Executive Summary

Data Mesh is a decentralized way of managing data. It treats data as a product and makes domains responsible for their own data. Combined with IFS Cloud’s project methodology, it creates a framework for strong governance and scalable data management across business domains.

This approach replaces centralized control with a federated model. Business domains own and manage their data products while following shared governance standards.

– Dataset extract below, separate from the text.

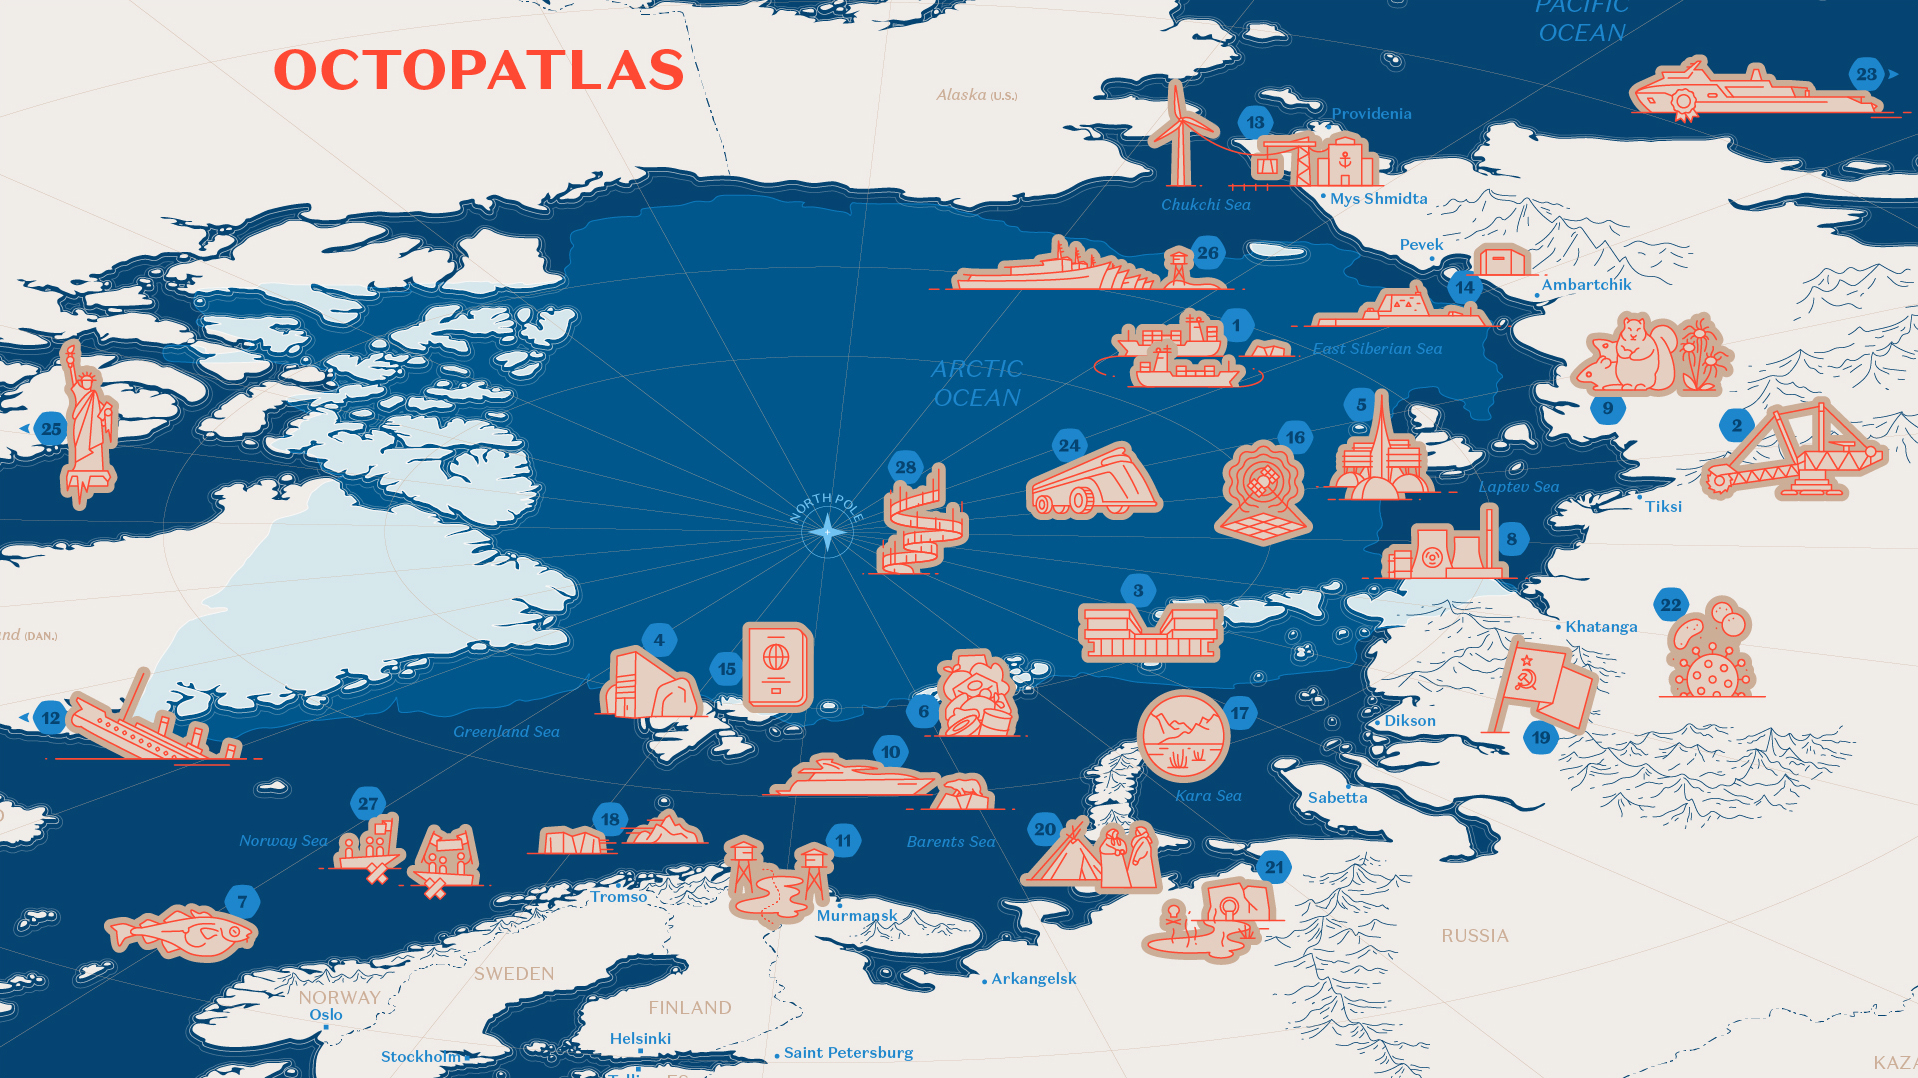 Première capture d'écran de l'outil "Octopatlas". Il s'agit d'une carte couvrant l'océan Arctique, le nord de l'Europe et la Sibérie. Des numéros sont parsemés sur lette carte, chacun accompagné d'une petite illustration. Chacun donne accès à quelque chose.

Core Principles for IFS Cloud

Domain ownership

  • Map IFS functional modules to business domains during project scoping
  • Set boundaries by process areas such as Supply Chain, Finance, Projects, HR
  • Assign each domain responsibility for its own data products
  • Align enterprise structure with IFS Cloud domain design

Data as a product

  • Design products with clear service levels and quality measures
  • Products must be discoverable in the IFS data catalog
  • Expose them through REST APIs and OData
  • Define validation rules and full metadata
  • Document specifications in the Book of Rules
  • Set quality metrics in the Data Tracker
  • Align SLAs with IFS Cloud capabilities

Self-serve platform

  • Use IFS Cloud’s built-in integration and migration tools
  • IFS Connect for services and protocols
  • REST API with OData for direct access
  • Data Migration Manager and Excel Add-in for processing
  • Support data sharing across domains with IFS Connect

Federated governance

  • Apply governance through the IFS project organization
  • Define rules in the Enterprise Book of Rules
  • Use IFS Cloud security and access controls for compliance

Implementation Phases

Phase 0: Define Project and Scope

Phase 1: Initiate Project

  • Form a Data Governance Committee with domain reps
  • Create the Enterprise Book of Rules
  • Define ownership and quality standards
  • Deliverables: Domain Architecture, Governance Charter, Draft Catalog

Phase 2: Confirm Prototype

  • Validate product definitions in prototypes
  • Confirm data sharing agreements
  • Establish lineage and metadata processes
  • Test governance model

Phase 3: Establish Solution

  • Implement full product specs
  • Deploy self-service tools
  • Automate governance policies
  • Configure catalog for discovery
  • Set up APIs, dashboards, and security

Phase 4: Implement Solution

  • Train teams on data product ownership
  • Test end-to-end workflows
  • Validate compliance and readiness

Phase 5: Go Live

  • Activate production data products
  • Monitor performance and governance
  • Set up lifecycle management

Data Governance Framework

Committee

  • Executive sponsor (often CDO)
  • Domain data product owners
  • Technical platform team
  • Data stewards

Processes

  • Automated validation and monitoring dashboards
  • Exception handling and quality reporting
  • Federated access controls, tagging, and audits

Technology

  • IFS Connect for integration
  • REST API with OData
  • Built-in migration and security tools
  • Data catalog, pipeline automation, quality monitoring, and metadata management

Roadmap

Months 1–3

  • Build governance structure
  • Define domains
  • Set up initial framework
  • Train core team

Months 4–8

  • Deploy 1–2 pilot products
  • Enable self-service
  • Validate governance and architecture

Months 9–12

  • Expand to all domains
  • Add advanced analytics
  • Optimize governance and performance
  • Build continuous improvement loop

Success Measures

Data Products

  • Time to release new products
  • Adoption rate
  • Quality scores
  • User satisfaction

Governance

  • Compliance rate
  • Security incidents
  • Process efficiency
  • Domain autonomy

Business Value

  • Faster decisions
  • Lower data management costs
  • Better data access
  • Higher analytics adoption

Risks and Mitigation

Technical

  • Integration complexity → phased rollout and proofs of concept
  • Performance issues → good architecture and monitoring
  • Security gaps → federated model and regular audits

Organizational

  • Resistance to change → training and change management
  • Lack of resources → proper staffing and external support
  • Weak governance adoption → executive sponsorship and clear roles

Conclusion

Using Data Mesh within IFS Cloud projects creates a modern data model that balances domain ownership with enterprise governance. It makes use of IFS Cloud’s native tools while building a federated architecture for agility and decision-making.

Success depends on strong leadership, change management, and a phased rollout. By combining IFS methodology with Data Mesh, organizations can deliver a working ERP and a scalable data foundation for future growth.